Want to share your content on R-bloggers? click here if you have a blog, or here if you don't.

I’ve been doing some machine learning recently, and one thing that keeps popping up is the need to explain the models and their components. There are a variety of ways to go about explaining model features, but probably the most common approach is to use variable (or feature) importance scores. Unfortunately, computing variable importance scores isn’t as straightforward as one might hope—there are a variety of methodologies! Upon implementation, I came to the question “How similar are the variable importance scores calculated using different methodologies?” 1 I think it’s important to know if the different methods will lead to drastically different results. If so, then the choice of method is a source of bias in model interpretation, which is not ideal.

This post isn’t intended to be a deep-dive into model interpretability or variable importance, but some concepts should be highlighted before attempting to answer this question. Generally, variable importance can be categorized as either being “model-specific” or “model-agnostic”. Both depend upon some kind of loss function, e.g. root mean squared error (RMSE), classification error, etc. The loss function for a model-specific approach will generally be “fixed” by the software and package that are used 2, while model-agnostic approaches tend to give the user flexibility in choosing a loss function. Finally, within model-agnostic approaches, there are different methods, e.g. permutation and SHAP (Shapley Additive Explanations).

So, to summarize, variable importance “methodologies” can be broken down in several ways:

  1. model-specific vs. model-agnostic approach
  2. loss function
  3. model agnostic method (given a model agnostic approach)

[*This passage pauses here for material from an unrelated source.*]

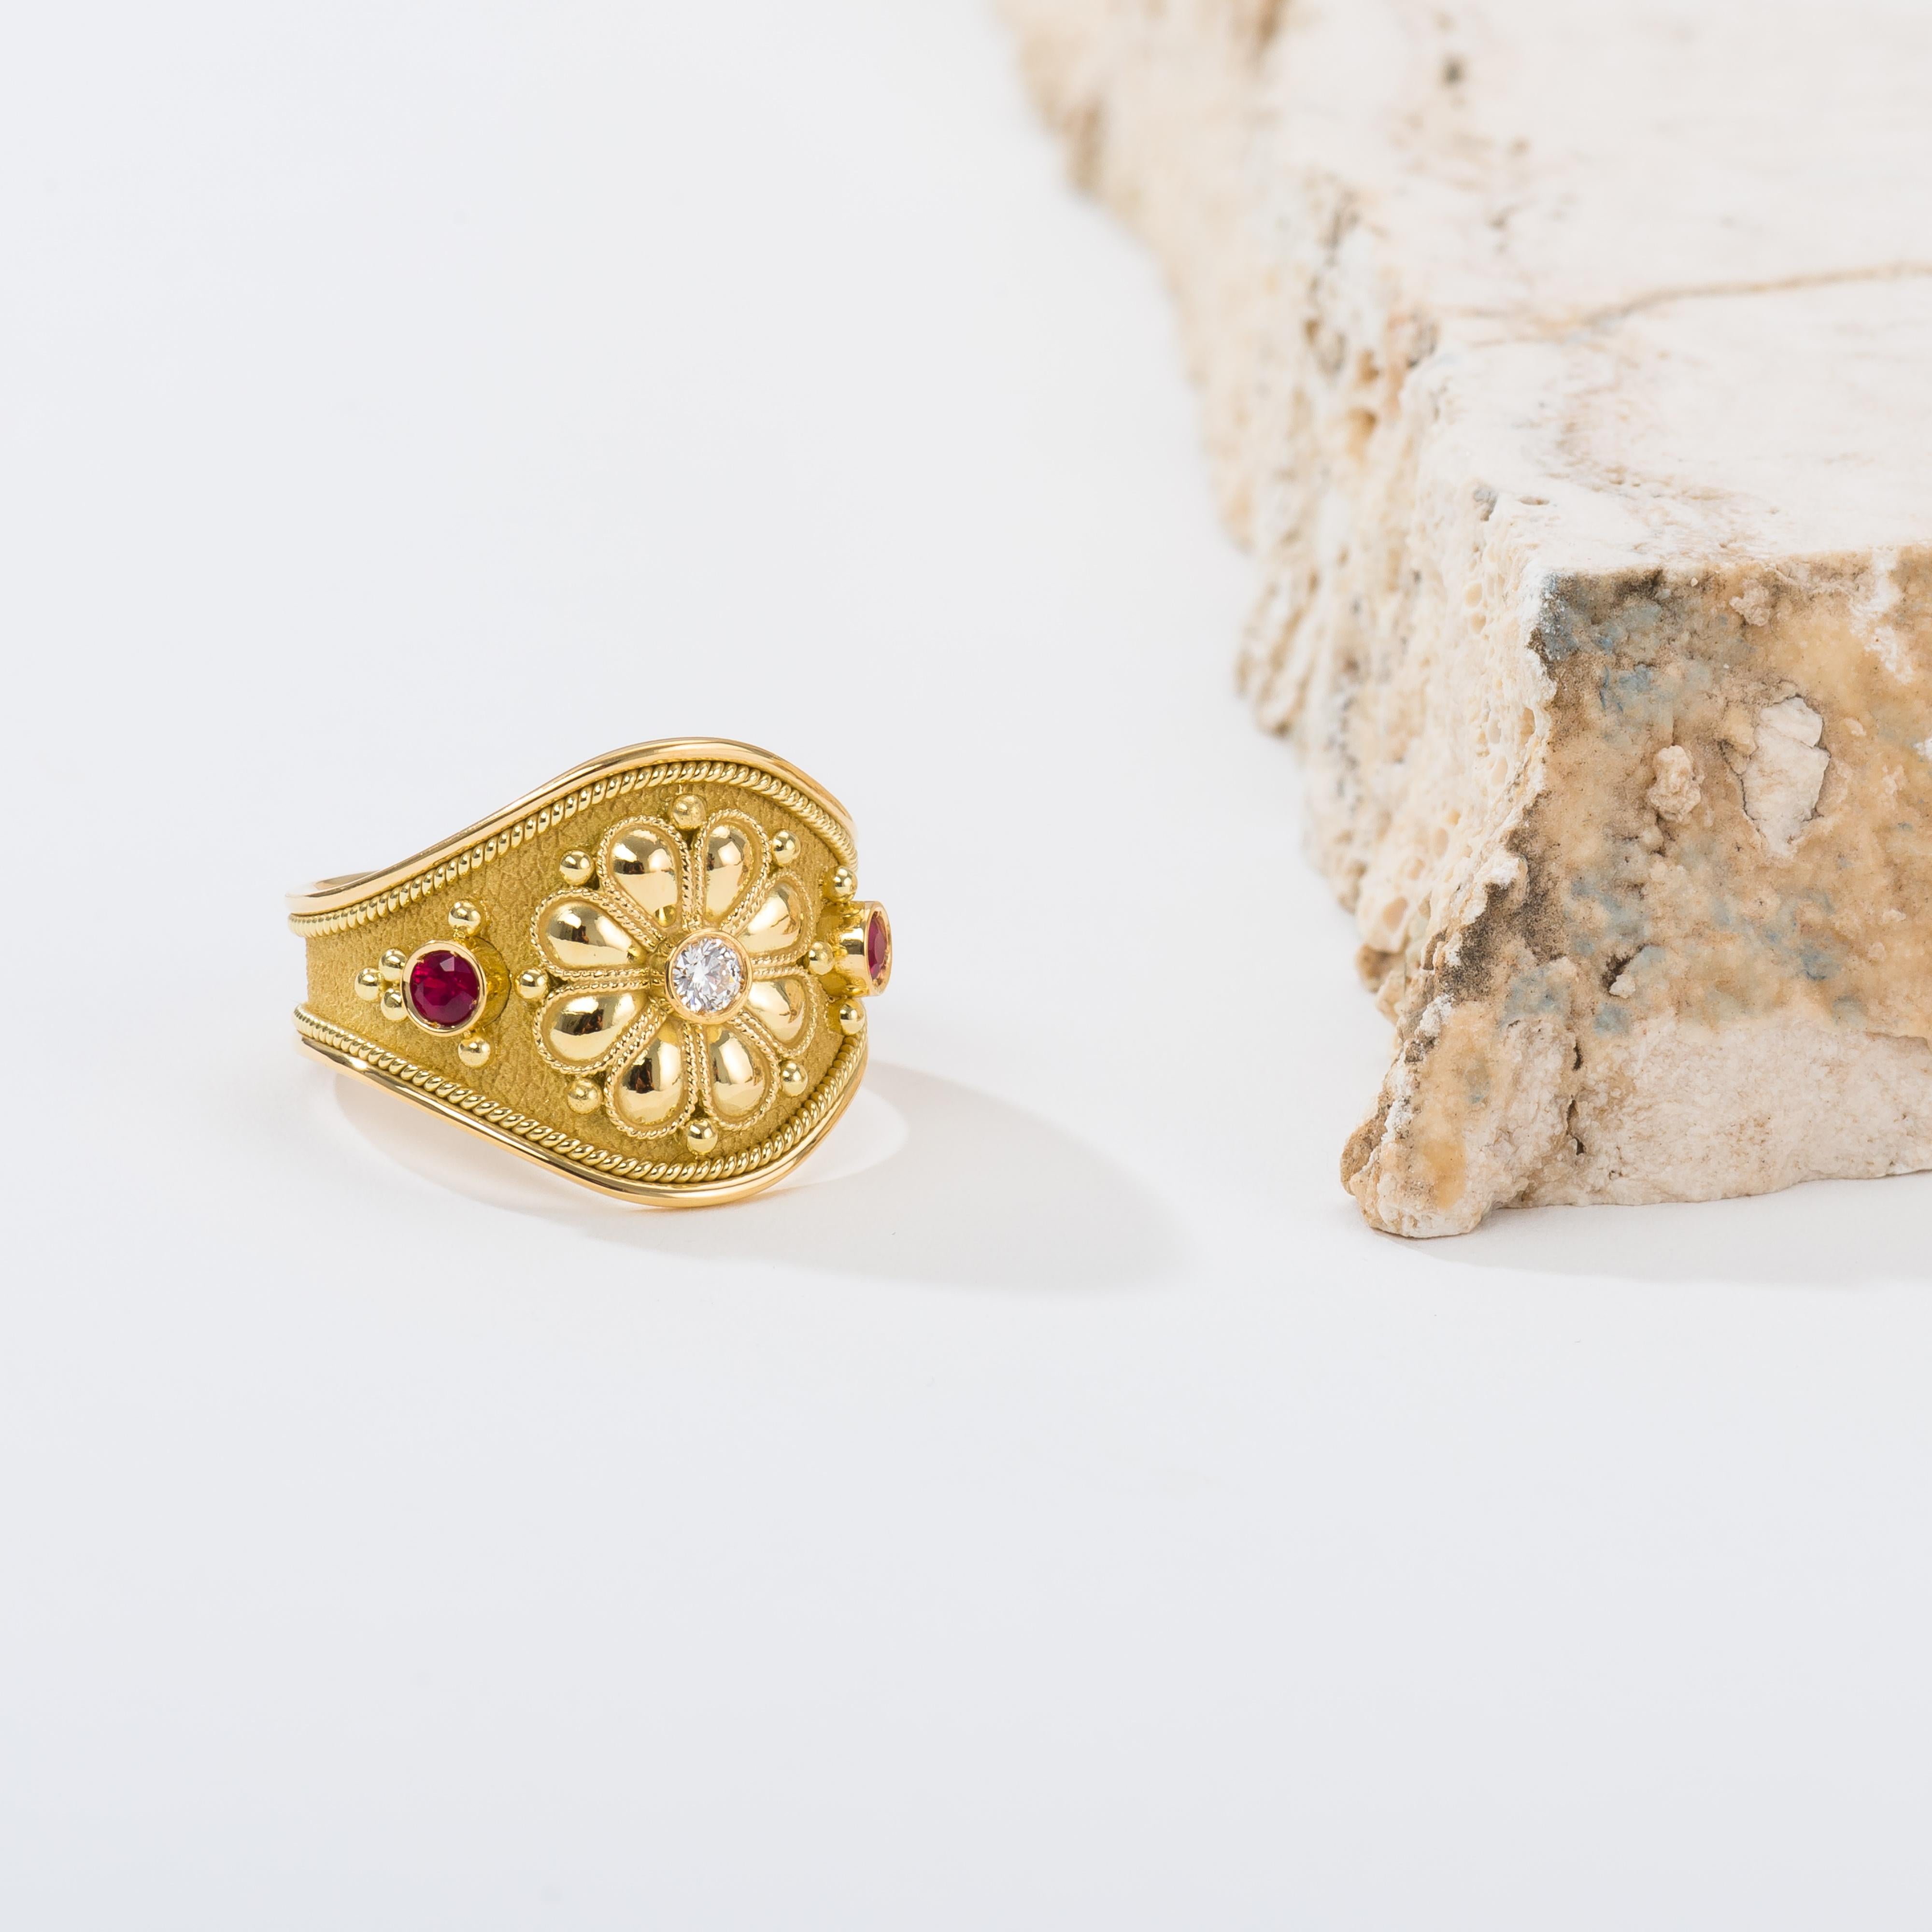 A luminous gold shiny daisy, adorned with a radiant diamond center, and embraced by two vibrant rubies, makes this gold ring a masterpiece of elegance and natural beauty, a daily reminder of enduring grace and timeless allure.

100% handmade in our

I’m going to attempt to address (1) and (3) above. I’m leaving (2) out because (a) I think the results won’t differ too much when using different loss functions (although I haven’t verified this assumption) and (b) for the sake of simplicity, I don’t want to be too exhaustive in this analysis. 3

I also want to evaluate how variable importance scores differ across more than one of each of the following:

  1. model type (e.g. linear regression, decision trees, etc.)
  2. type of target variables (continuous or discrete)
  3. data set

While evaluating the sensitivity of variable importance scores to different methodologies is the focus of this analysis, I think it’s important to test how the findings hold up when (1) varying model types, (2) varying target variables, and (3) varying the data itself. This should help us highlight any kind of bias in the results due to choice of model type and type of target variable. Put another way, it should help us quantify the robustness the conclusions that are drawn. If we find that the scores are similar under variation, then we can be more confident that the findings can be generalized.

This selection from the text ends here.